→ **Data section**:
Start of Block
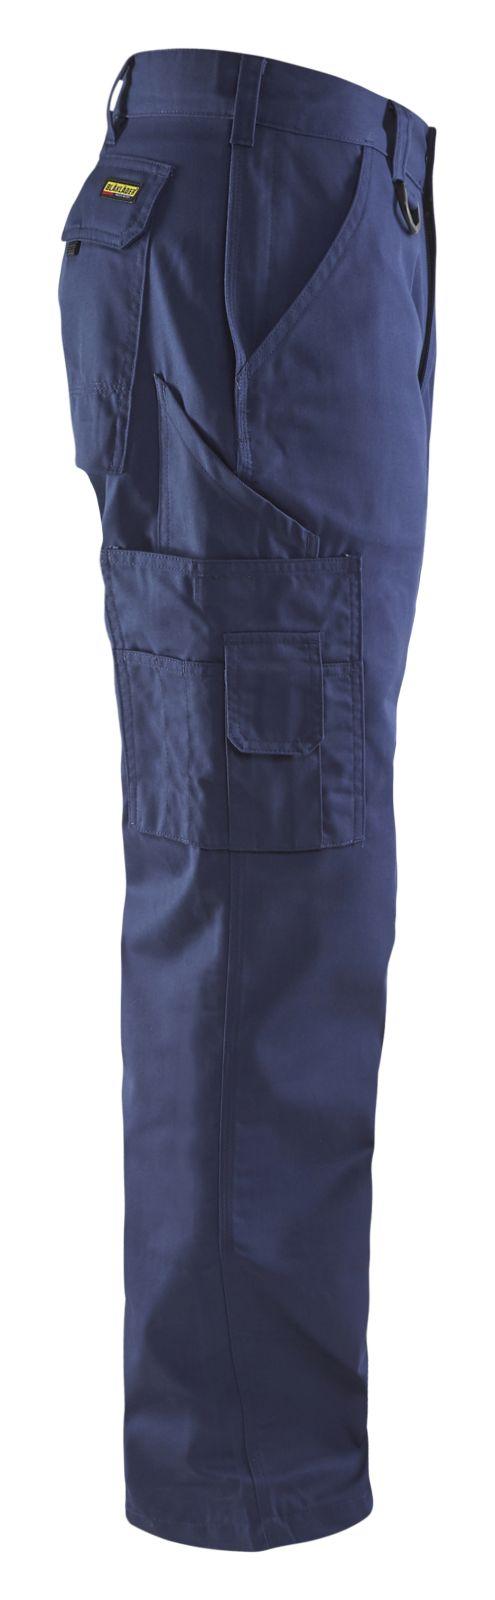 Blaklader Broeken 14071800 marineblauw(8900)
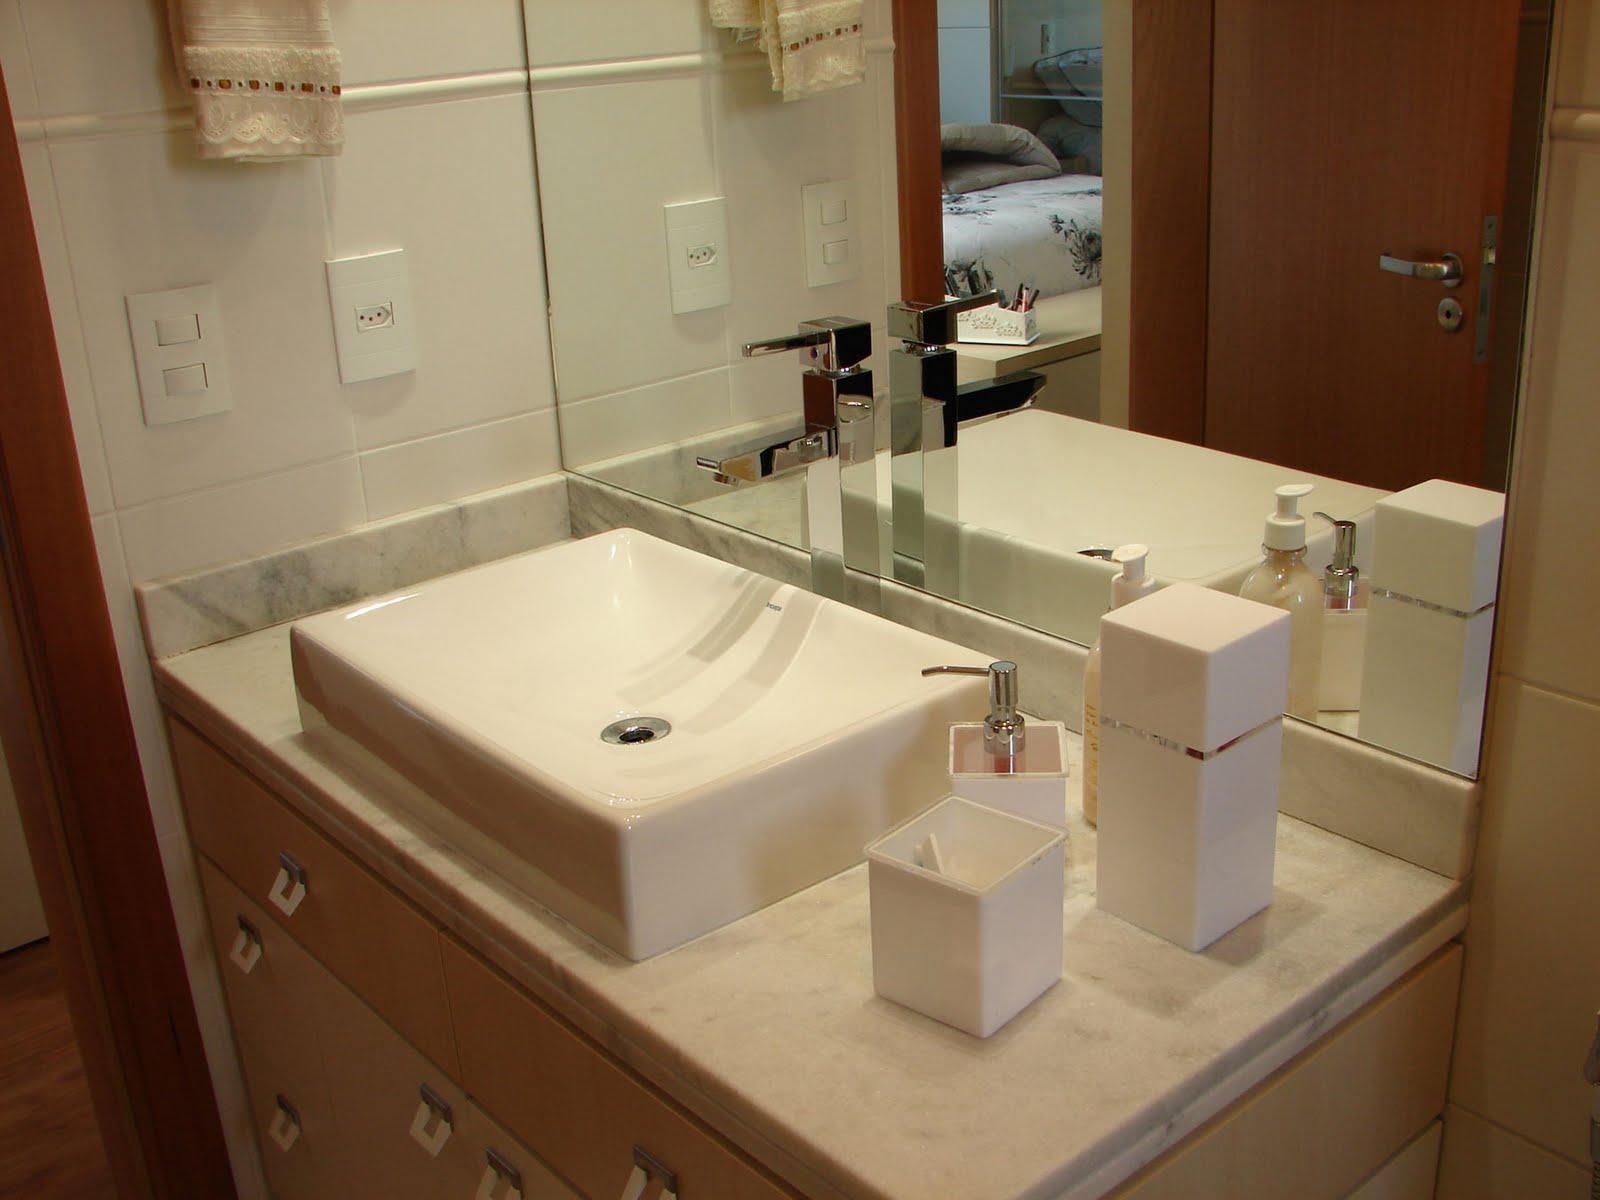 Cubbos Consultoria Arquitetura de Interiores Banheiros Reciclando ambientes -> Cuba Para Pia De Banheiro De Apoio
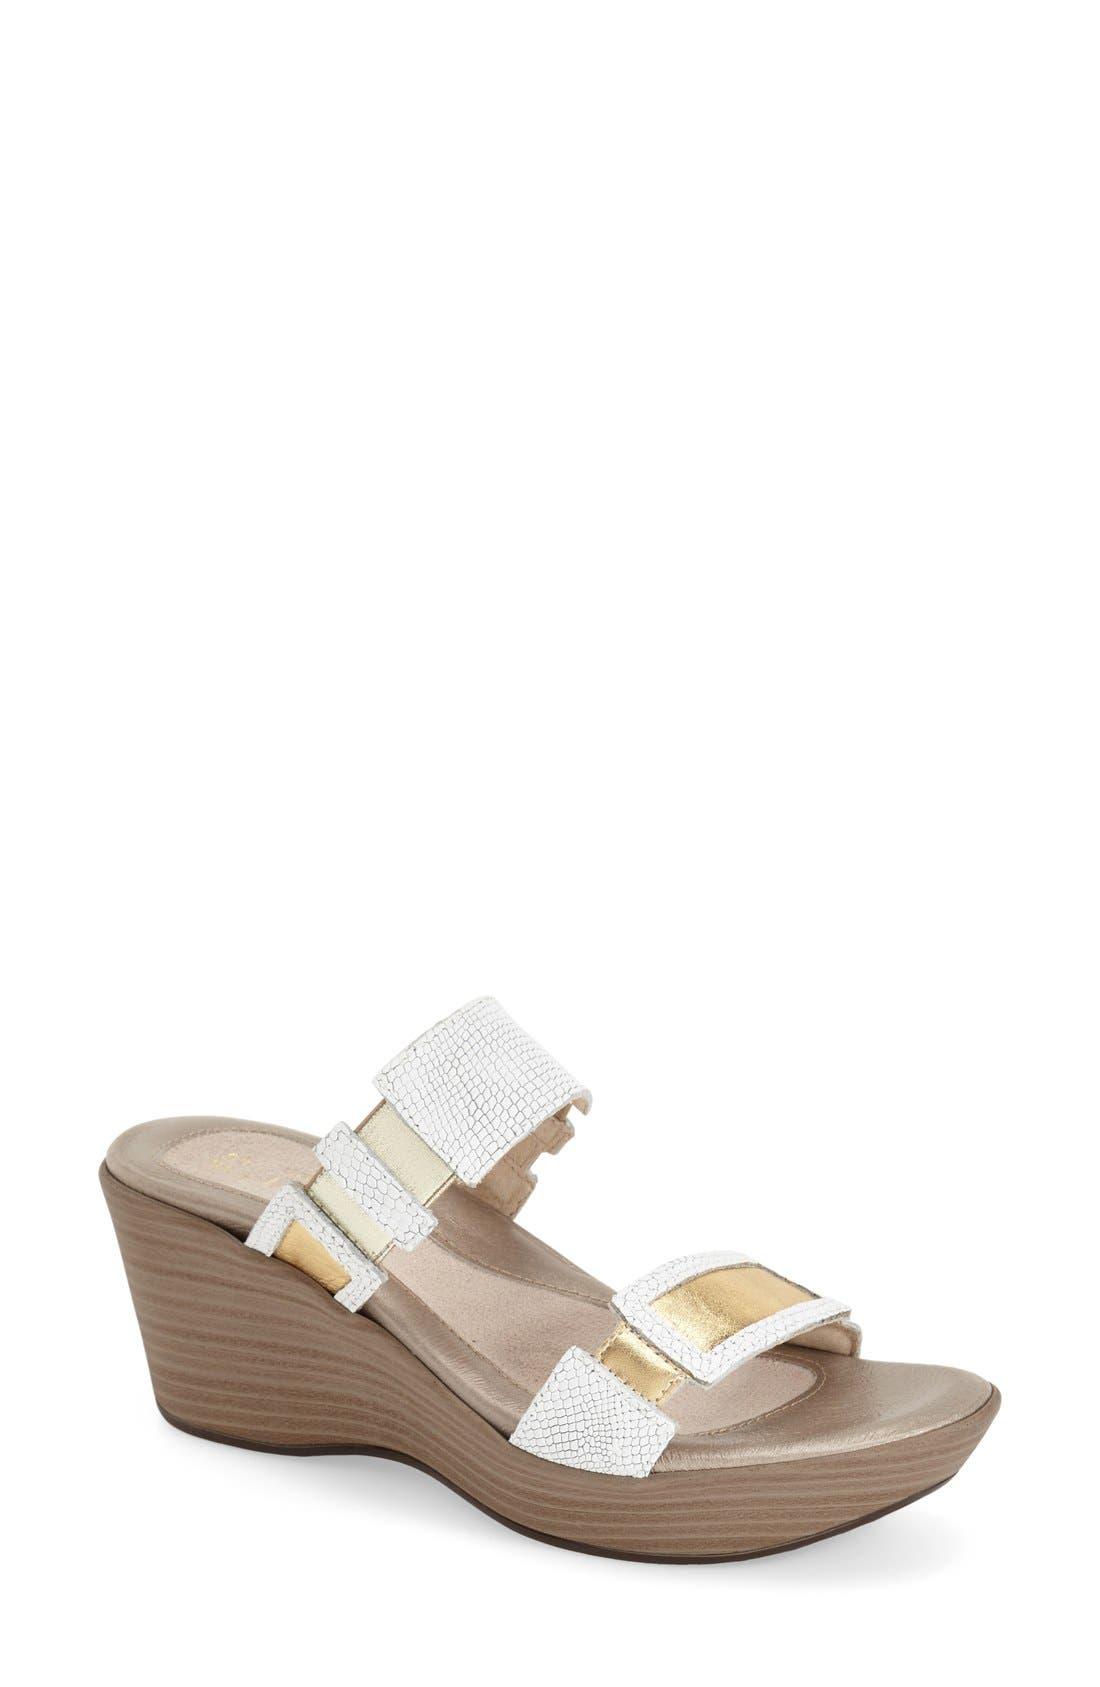 Main Image - Naot 'Treasure' Sandal
End of Block
→ **Work instruction**:
The listing above, line by line: print it exactly, but not its pictures.

→ **Response**:
 Blaklader Broeken 14071800 marineblauw(8900)
 Cubbos Consultoria Arquitetura de Interiores Banheiros Reciclando ambientes -> Cuba Para Pia De Banheiro De Apoio
 Main Image - Naot 'Treasure' Sandal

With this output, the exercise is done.